In a preferred embodiment the reaction involves the use of hydrochloric acid or hydrobromic acid. The reaction is carried out at 0°C to 100°C; preferably temperature is 15°C to 50°C, more preferably at 25°C-30°C. Toluene is added to the reaction mass to remove water under reduced pressure. The residue is cooled to 25°C-30°C. Toluene and 2-(2-methoxyphenoxy)-ethylamine is added followed by addition of potassium carbonate.
The reaction mass is heated to 80°C to 85°C and maintained for 13 hours. Water is added and stirred. Toluene layer is separated and distilled under reduced pressure at 65 - 70°C. Ethyl acetate is added to the residue and stirred at ambient temperature for half an hour. The reaction mass is gradually cooled and stirred. The residue is filtered and washed with chilled ethyl acetate to give Carvedilol (5.5 gm). The end product is dried under reduced pressure to give Carvedilol (> 97% HPLC purity).
When an amino protected 2-(2-methoxyphenoxy)-ethylamine is used in the above reaction instead of 2-(2-methoxyphenoxy)-ethylamine, above reaction results in the formation of protected Carvedilol of high purity (>97%). The protecting groups are selected from benzyl, substituted silyl derivatives etc. wherein the substituted silyl derivatives are preferable selected from hexamethyl disilazane, trimethyl chlorosilane, bistrimethyl silyl urea (BSU), bistrimethyl acetamide (BSA), tert-butyl dimethyl silyl (TBDMS) or tert-butyl-diphenyl silyl (TBDPS) groups. Purification of crude Carvedilol is carried out using any solvent, though ethyl acetate is preferred.
In another embodiment of this reaction, it is possible to provide (S)-isomer of Carvedilol which is obtained by reaction of (S)-1-(9H-carbazol-4-yloxy)-3-halopropan-2-ol with 2-(2-methoxyphenoxy)-ethylamine. The present invention is illustrated with the given non-limiting examples.

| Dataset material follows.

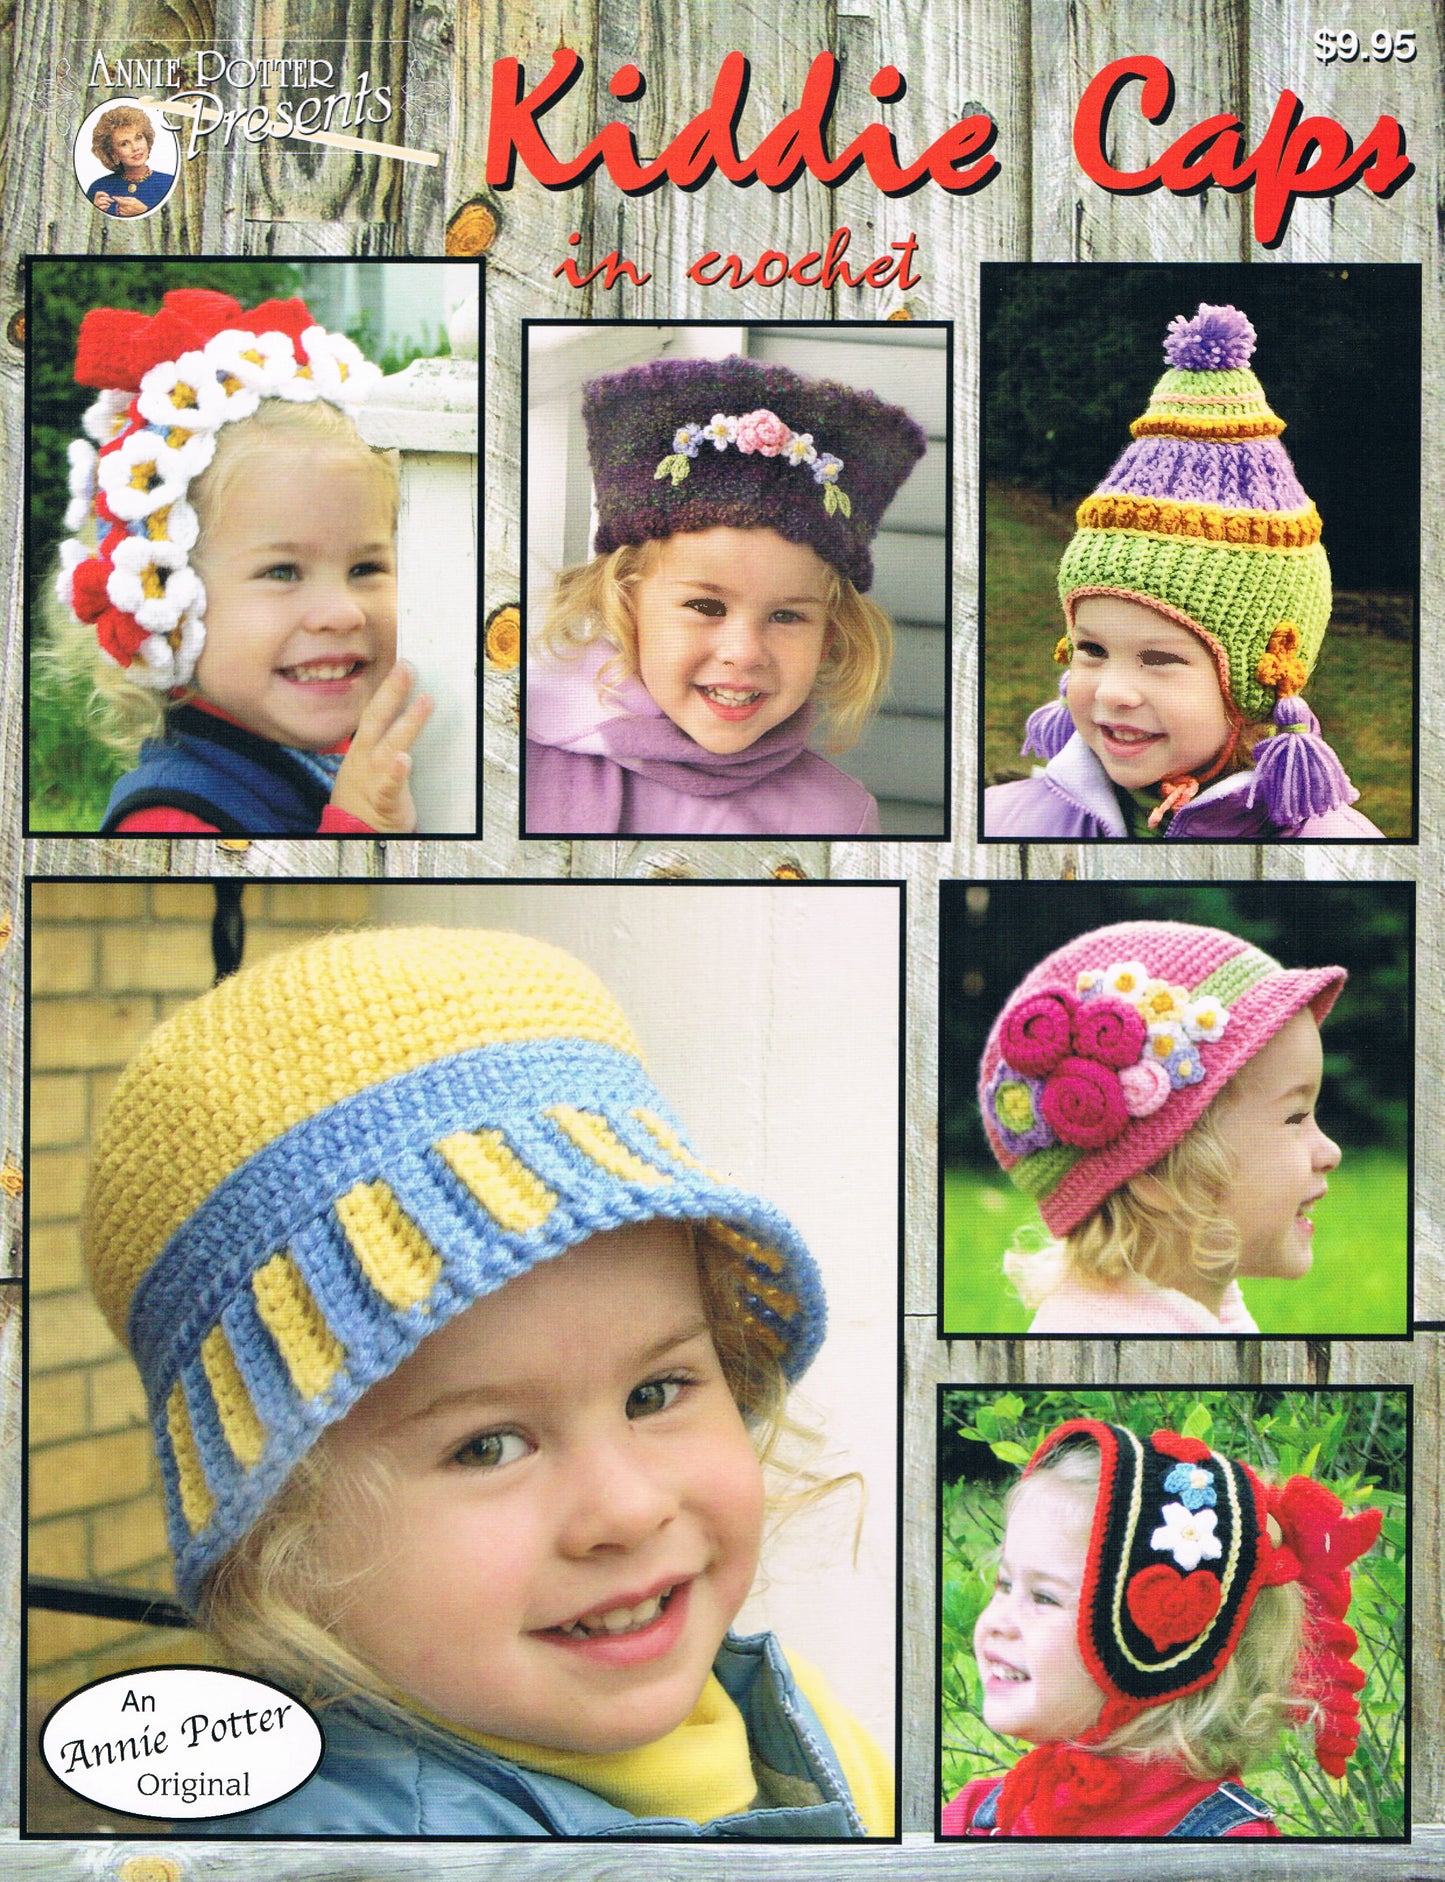 Kiddy Caps crochet kid hats in Crochet

Example 1: Preparation of Carvedilol
4-(2,3-Epoxypropoxy)carbazole (10 gms) was added to a solution of hydrochloric acid [25 ml] at 25-30°C. The reaction mass was stirred for 5 hours at 25 - 30°C, then the reaction mass was heated to 75-80°C. Water was distilled out at 75 - 85°C and then Toluene was added to remove water under reduced pressure at 75-80°C. The residue was cooled to 25-30°C. Toluene (100 ml) and 2-(2-methoxyphenoxy)-ethylamine (10.45 gm) was added followed by addition of K2CO3 (9.45 gm). The reaction mass was heated to 80 - 85°C and maintained for about 13 hours. Water


(100 ml) was added and stirred for 5 - 10 minutes. Toluene layer was separated and distilled out under reduced pressure at 65 - 70°C. Ethyl acetate was added to the residue and stirred at ambient temperature for half an hour. The reaction mass was gradually cooled to 0-5°C and stirred for 2 hrs. The reaction mass was filtered, washed with chilled ethyl acetate to obtain Carvedilol (5.5 gm). The product was dried under reduced pressure to give Carvedilol (>97% HPLC purity).
Example-2 Preparation of Carvedilol
48 % HBr solution [35 ml] was added to 4-(2,3-Epoxy propoxy)carbazole (25 gm) in Isopropyl alcohol (50 ml ) at 25-30°C and heated to 60°C and maintained for about one hour with stirring. The solvent was distilled under reduced pressure and allow the reaction mass to cool at room temperature. Triethyl amine (16 gm) and 2-(2-methoxyphenoxy)-ethylamine (35 gm) were added to reaction mass and heated to 60°C and maintained for about 2 hours with stirring. Traces of Isopropyl alcohol was distilled under reduced pressure at 45-50°C. Water (50 ml), Toluene (100 ml) and 50 ml ethyl acetate were added at 50°C, and stirred for 15 minutes. The organic layer was allowed to separate and washed with water at 50°C then dried with sodium sulfate (10 gm). Solvent was distilled under reduced pressure up to 55°C. Ethyl acetate (55 ml) was added to residue and stirred for 30 minutes. The reaction mass was cooled to 0-5°C and filtered to get Carvedilol (12 gm). The product was dried to give Carvedilol (>97% HPLC purity).